A while ago I wrote about the patterns that crisscross David Mitchell’s novels, with particular reference to The Bone Clocks. This was picked up by Nicholas Tam in what I think may be the single best essay about Mitchell’s work that I have read.

I don’t agree with everything Tam wrote, but I agreed with enough of it to make me think a bit more about Mitchell. This brief note is by way of a placeholder, something I need to think further about when (if!) I get the time.

I think I was far too superficial in the patterns I detected within and between Mitchell’s novels. Those patterns are there, all right, but I didn’t pick up on a deeper layer that both underpins and undermines those connections. That is, the shift in ontological status.
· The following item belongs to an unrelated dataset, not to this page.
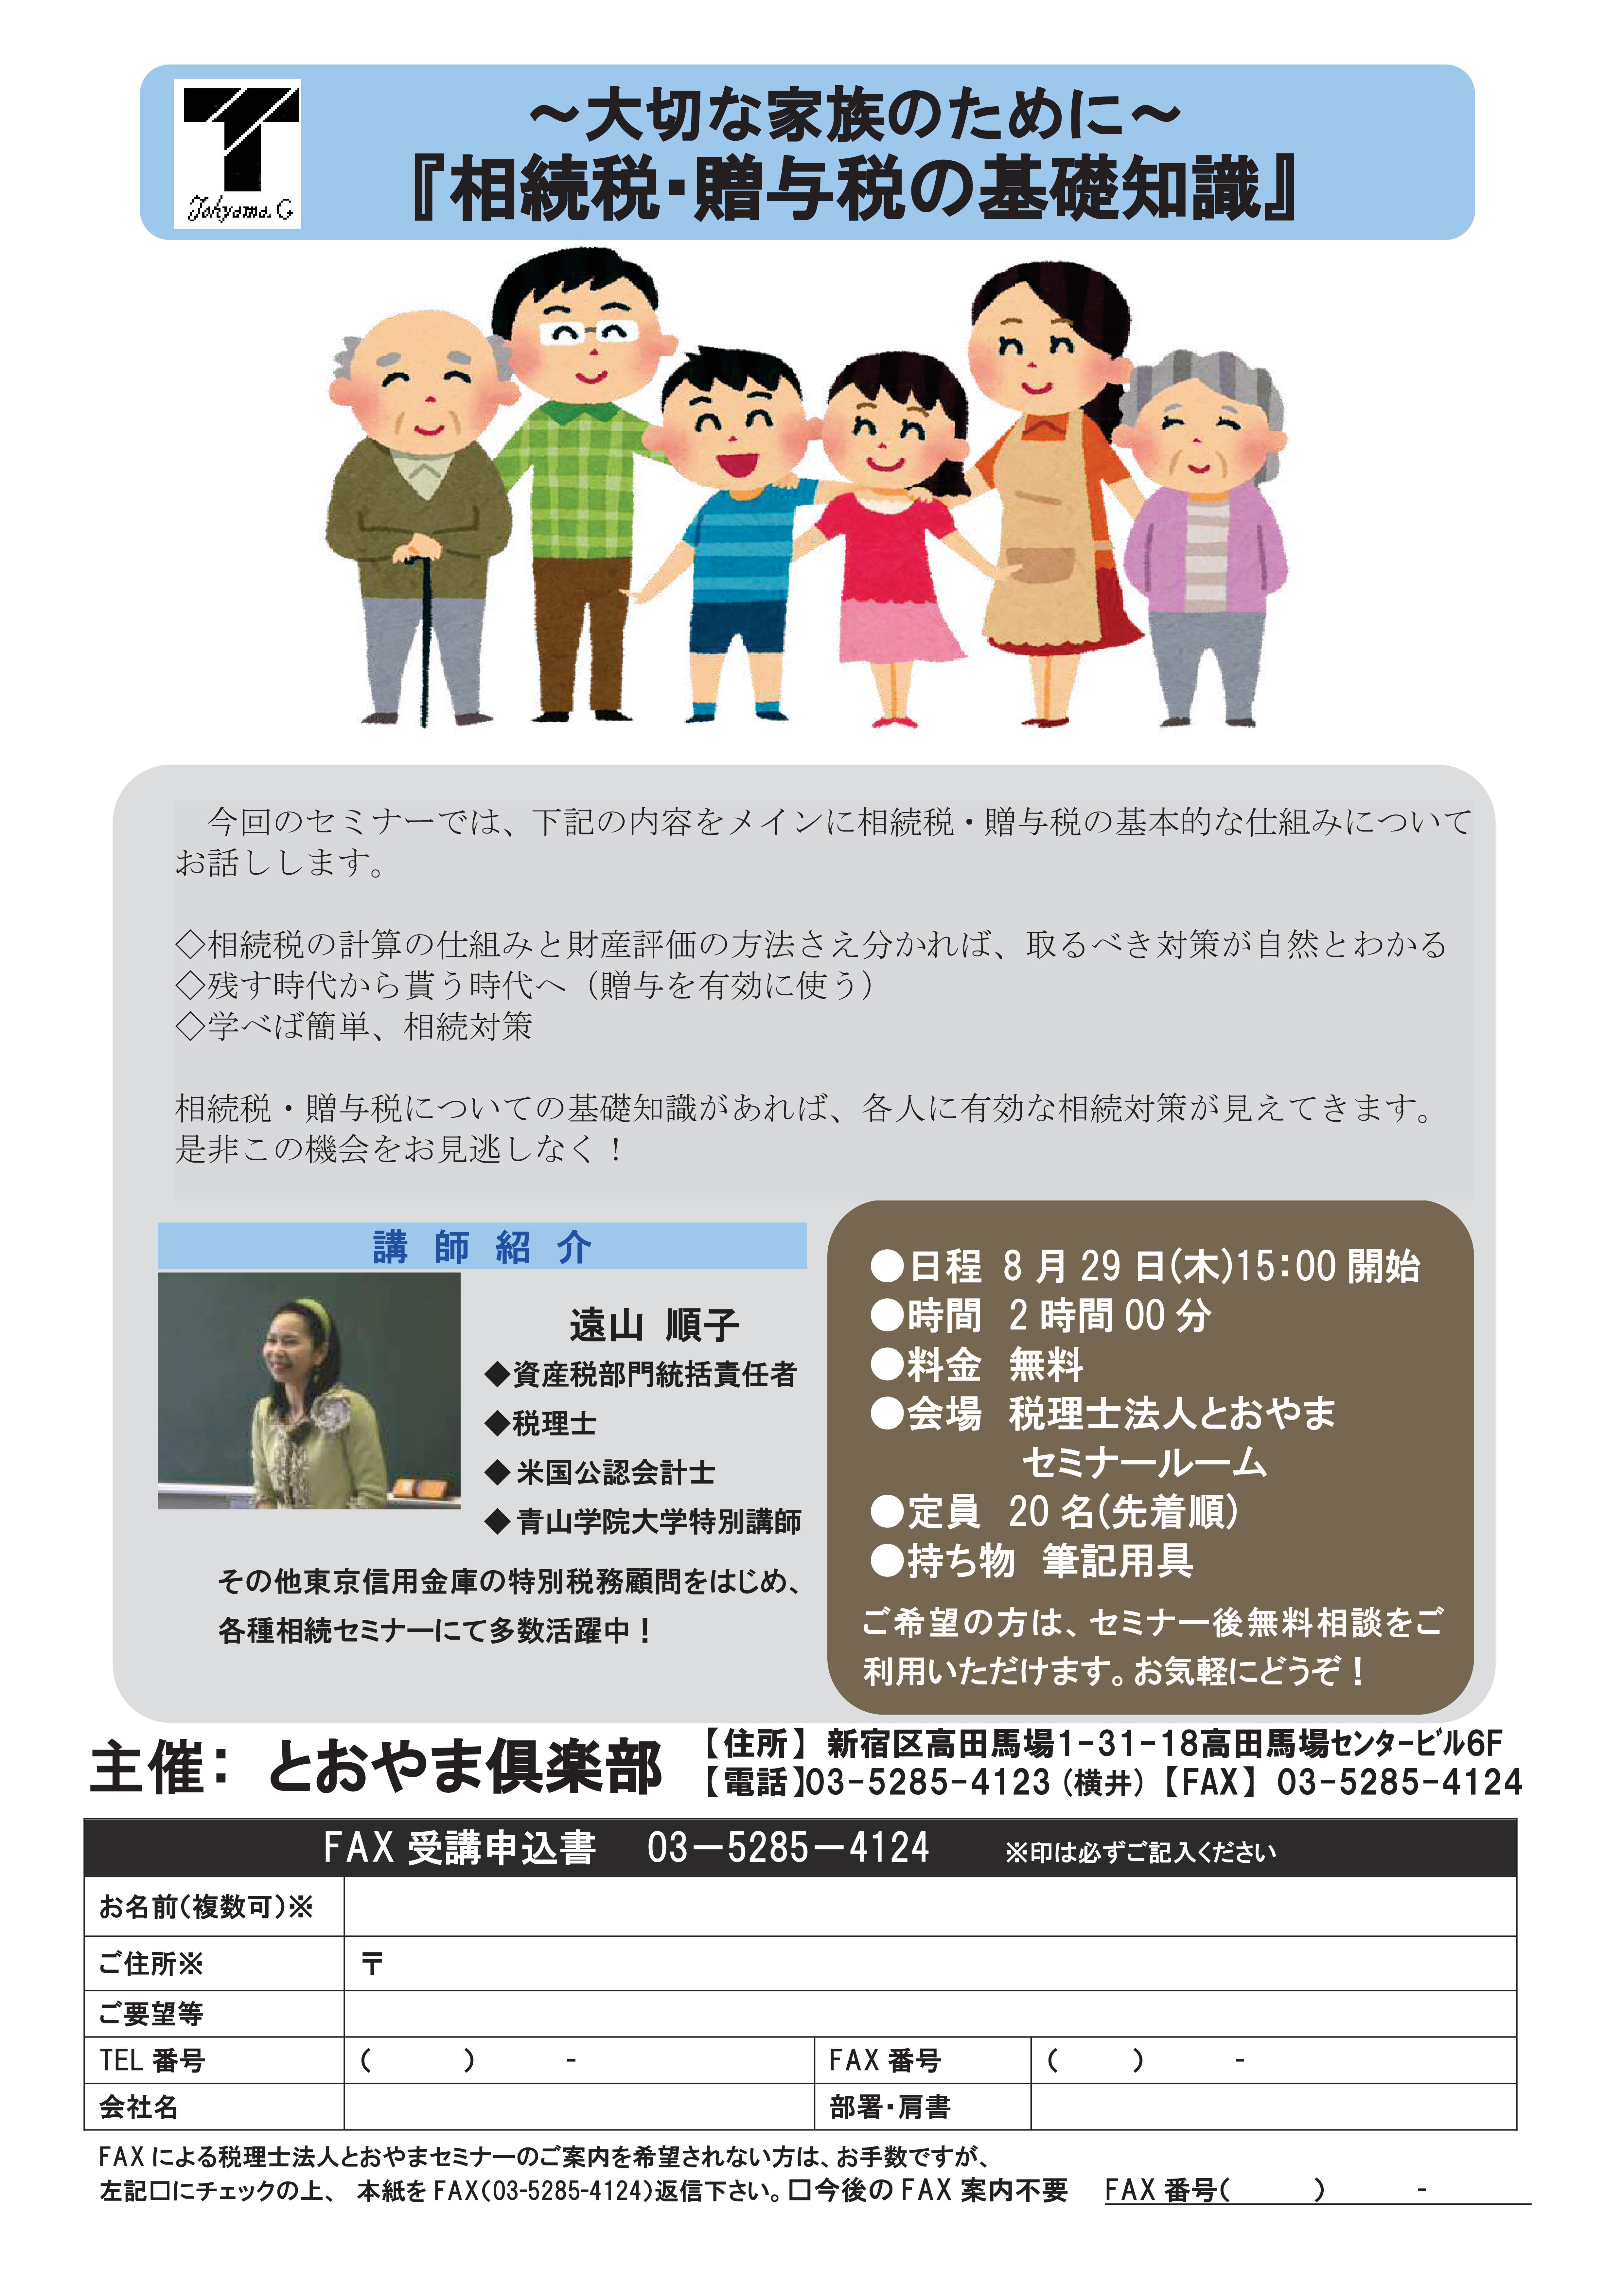 8月29日開催 『相続税・贈与税の基礎知識』
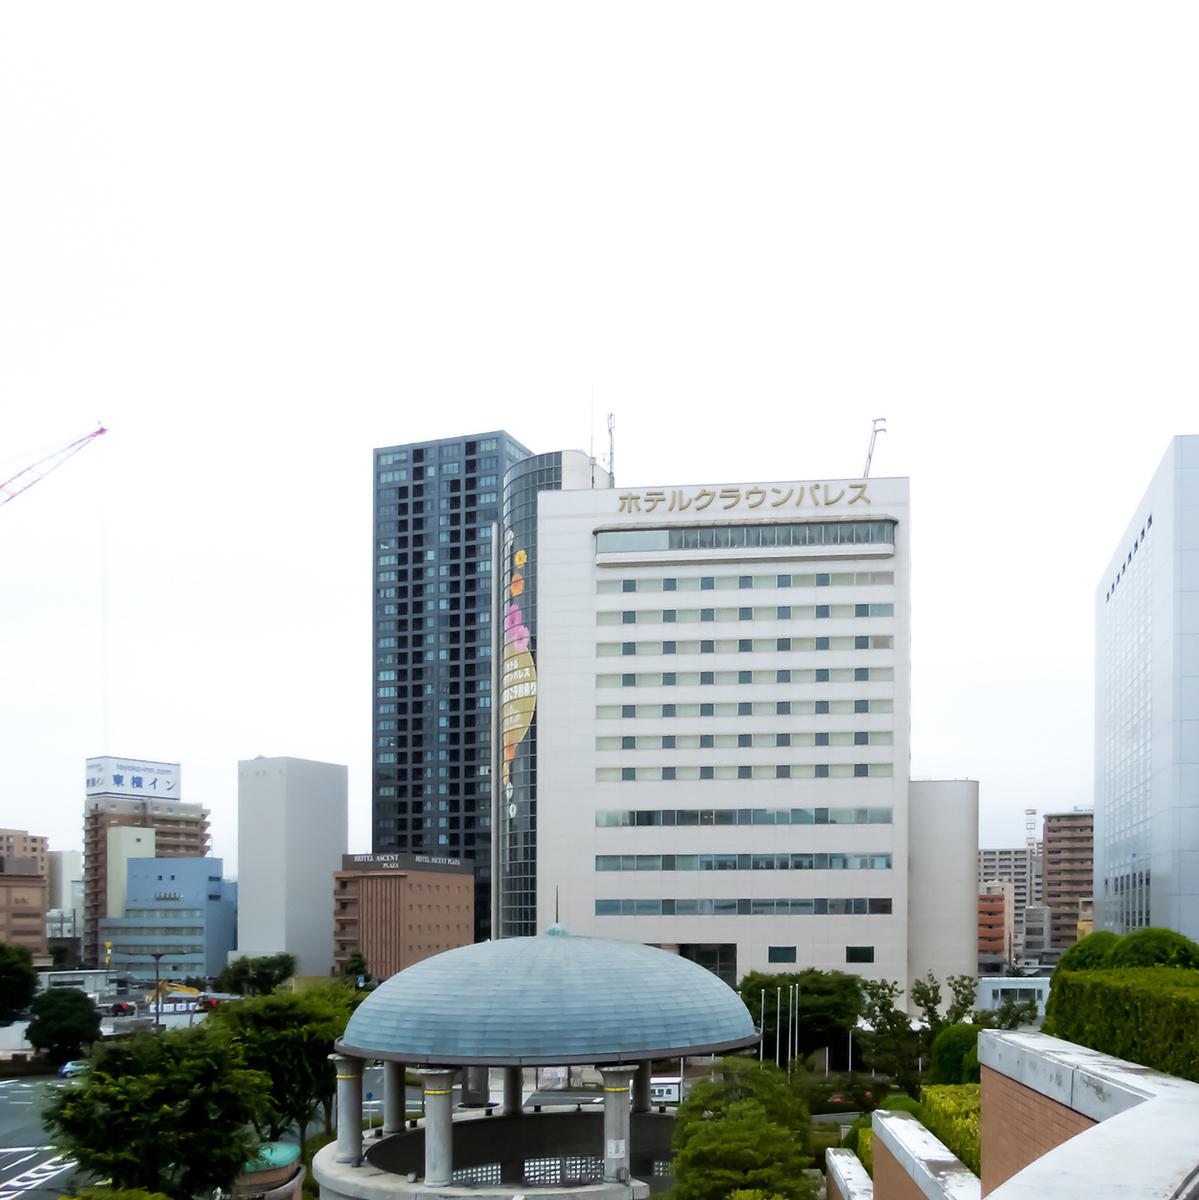 Hotel Crown Palace地下一層★沿Hirokoji★酒店,易於理解★從JR濱松站步行3分鐘★清酒和Waki以及肉類和蔬菜Hamamatsu車站前店♪

Look what happens in Cloud Atlas: we begin the book reading a diary that describes a 19th century sea voyage, and we accept that this is real. But in the very next section the status of that diary is questioned, there is something about it that looks fake. A little later we read an exciting adventure of a California journalist called Luisa Rey; but in the next section that story is found to have been in a novel. Even at the heart of the book, when Sloosha glimpses Sonmi’s confession, isn’t there a sense that what he is seeing is a dramatisation?

And let’s look again at Luisa Rey. When we first encounter her in Ghostwritten she is the author of a series of crime novels; when we meet her again in Cloud Atlas she is the heroine of a series of crime novels.

So the recurring characters move from novel to novel, but they also move from the real into the fictional, and from the fictional into the real.

Where this thought might lead, I have no idea right now. But the idea that nothing is real in David Mitchell’s novels seems to be a thought I must pursue at a later date.